What to produce
Return, word for word, only the lines of the data below that lie between the line with "Den sista frestelsen - McDermid, Val" and the line with "Ray Bordlampe Hvid - Mater thumbnail", those two lines included.

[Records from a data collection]
########################################
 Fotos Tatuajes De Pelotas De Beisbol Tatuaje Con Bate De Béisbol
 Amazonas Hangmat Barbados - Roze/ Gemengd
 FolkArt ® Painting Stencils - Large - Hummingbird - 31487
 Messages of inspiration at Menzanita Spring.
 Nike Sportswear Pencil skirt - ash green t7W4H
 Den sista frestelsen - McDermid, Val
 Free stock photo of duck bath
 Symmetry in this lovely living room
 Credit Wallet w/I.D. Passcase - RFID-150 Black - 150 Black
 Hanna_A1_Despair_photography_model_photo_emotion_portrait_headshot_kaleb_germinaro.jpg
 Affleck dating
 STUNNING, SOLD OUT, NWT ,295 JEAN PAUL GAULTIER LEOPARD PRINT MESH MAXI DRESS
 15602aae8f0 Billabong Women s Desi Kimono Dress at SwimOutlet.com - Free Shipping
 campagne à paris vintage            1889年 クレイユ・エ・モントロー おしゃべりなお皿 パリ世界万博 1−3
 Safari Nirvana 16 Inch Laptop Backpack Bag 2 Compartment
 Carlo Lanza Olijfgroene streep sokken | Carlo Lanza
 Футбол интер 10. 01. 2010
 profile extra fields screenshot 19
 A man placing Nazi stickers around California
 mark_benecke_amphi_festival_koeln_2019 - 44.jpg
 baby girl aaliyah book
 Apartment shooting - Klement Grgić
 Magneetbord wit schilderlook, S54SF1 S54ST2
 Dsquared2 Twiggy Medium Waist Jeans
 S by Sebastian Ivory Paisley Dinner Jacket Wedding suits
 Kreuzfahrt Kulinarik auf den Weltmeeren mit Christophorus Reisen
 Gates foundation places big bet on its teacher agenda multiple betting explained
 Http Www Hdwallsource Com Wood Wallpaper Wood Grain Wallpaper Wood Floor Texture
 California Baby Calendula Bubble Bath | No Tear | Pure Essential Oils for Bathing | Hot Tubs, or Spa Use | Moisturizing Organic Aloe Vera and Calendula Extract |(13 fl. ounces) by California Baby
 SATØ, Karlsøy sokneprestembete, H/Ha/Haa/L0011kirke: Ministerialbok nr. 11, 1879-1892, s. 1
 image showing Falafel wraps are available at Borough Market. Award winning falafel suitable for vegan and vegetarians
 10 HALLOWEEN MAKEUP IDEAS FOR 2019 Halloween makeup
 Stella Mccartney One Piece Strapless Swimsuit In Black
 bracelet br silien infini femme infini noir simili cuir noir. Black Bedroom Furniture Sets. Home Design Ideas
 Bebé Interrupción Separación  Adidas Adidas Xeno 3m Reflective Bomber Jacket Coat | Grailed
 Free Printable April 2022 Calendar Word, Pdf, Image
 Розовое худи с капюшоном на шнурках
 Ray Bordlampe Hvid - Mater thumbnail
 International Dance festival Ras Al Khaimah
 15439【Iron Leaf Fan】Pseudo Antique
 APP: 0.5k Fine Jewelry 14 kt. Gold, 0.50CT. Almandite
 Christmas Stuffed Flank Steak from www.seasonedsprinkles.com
########################################
Response to this task
 Den sista frestelsen - McDermid, Val
 Free stock photo of duck bath
 Symmetry in this lovely living room
 Credit Wallet w/I.D. Passcase - RFID-150 Black - 150 Black
 Hanna_A1_Despair_photography_model_photo_emotion_portrait_headshot_kaleb_germinaro.jpg
 Affleck dating
 STUNNING, SOLD OUT, NWT ,295 JEAN PAUL GAULTIER LEOPARD PRINT MESH MAXI DRESS
 15602aae8f0 Billabong Women s Desi Kimono Dress at SwimOutlet.com - Free Shipping
 campagne à paris vintage            1889年 クレイユ・エ・モントロー おしゃべりなお皿 パリ世界万博 1−3
 Safari Nirvana 16 Inch Laptop Backpack Bag 2 Compartment
 Carlo Lanza Olijfgroene streep sokken | Carlo Lanza
 Футбол интер 10. 01. 2010
 profile extra fields screenshot 19
 A man placing Nazi stickers around California
 mark_benecke_amphi_festival_koeln_2019 - 44.jpg
 baby girl aaliyah book
 Apartment shooting - Klement Grgić
 Magneetbord wit schilderlook, S54SF1 S54ST2
 Dsquared2 Twiggy Medium Waist Jeans
 S by Sebastian Ivory Paisley Dinner Jacket Wedding suits
 Kreuzfahrt Kulinarik auf den Weltmeeren mit Christophorus Reisen
 Gates foundation places big bet on its teacher agenda multiple betting explained
 Http Www Hdwallsource Com Wood Wallpaper Wood Grain Wallpaper Wood Floor Texture
 California Baby Calendula Bubble Bath | No Tear | Pure Essential Oils for Bathing | Hot Tubs, or Spa Use | Moisturizing Organic Aloe Vera and Calendula Extract |(13 fl. ounces) by California Baby
 SATØ, Karlsøy sokneprestembete, H/Ha/Haa/L0011kirke: Ministerialbok nr. 11, 1879-1892, s. 1
 image showing Falafel wraps are available at Borough Market. Award winning falafel suitable for vegan and vegetarians
 10 HALLOWEEN MAKEUP IDEAS FOR 2019 Halloween makeup
 Stella Mccartney One Piece Strapless Swimsuit In Black
 bracelet br silien infini femme infini noir simili cuir noir. Black Bedroom Furniture Sets. Home Design Ideas
 Bebé Interrupción Separación  Adidas Adidas Xeno 3m Reflective Bomber Jacket Coat | Grailed
 Free Printable April 2022 Calendar Word, Pdf, Image
 Розовое худи с капюшоном на шнурках
 Ray Bordlampe Hvid - Mater thumbnail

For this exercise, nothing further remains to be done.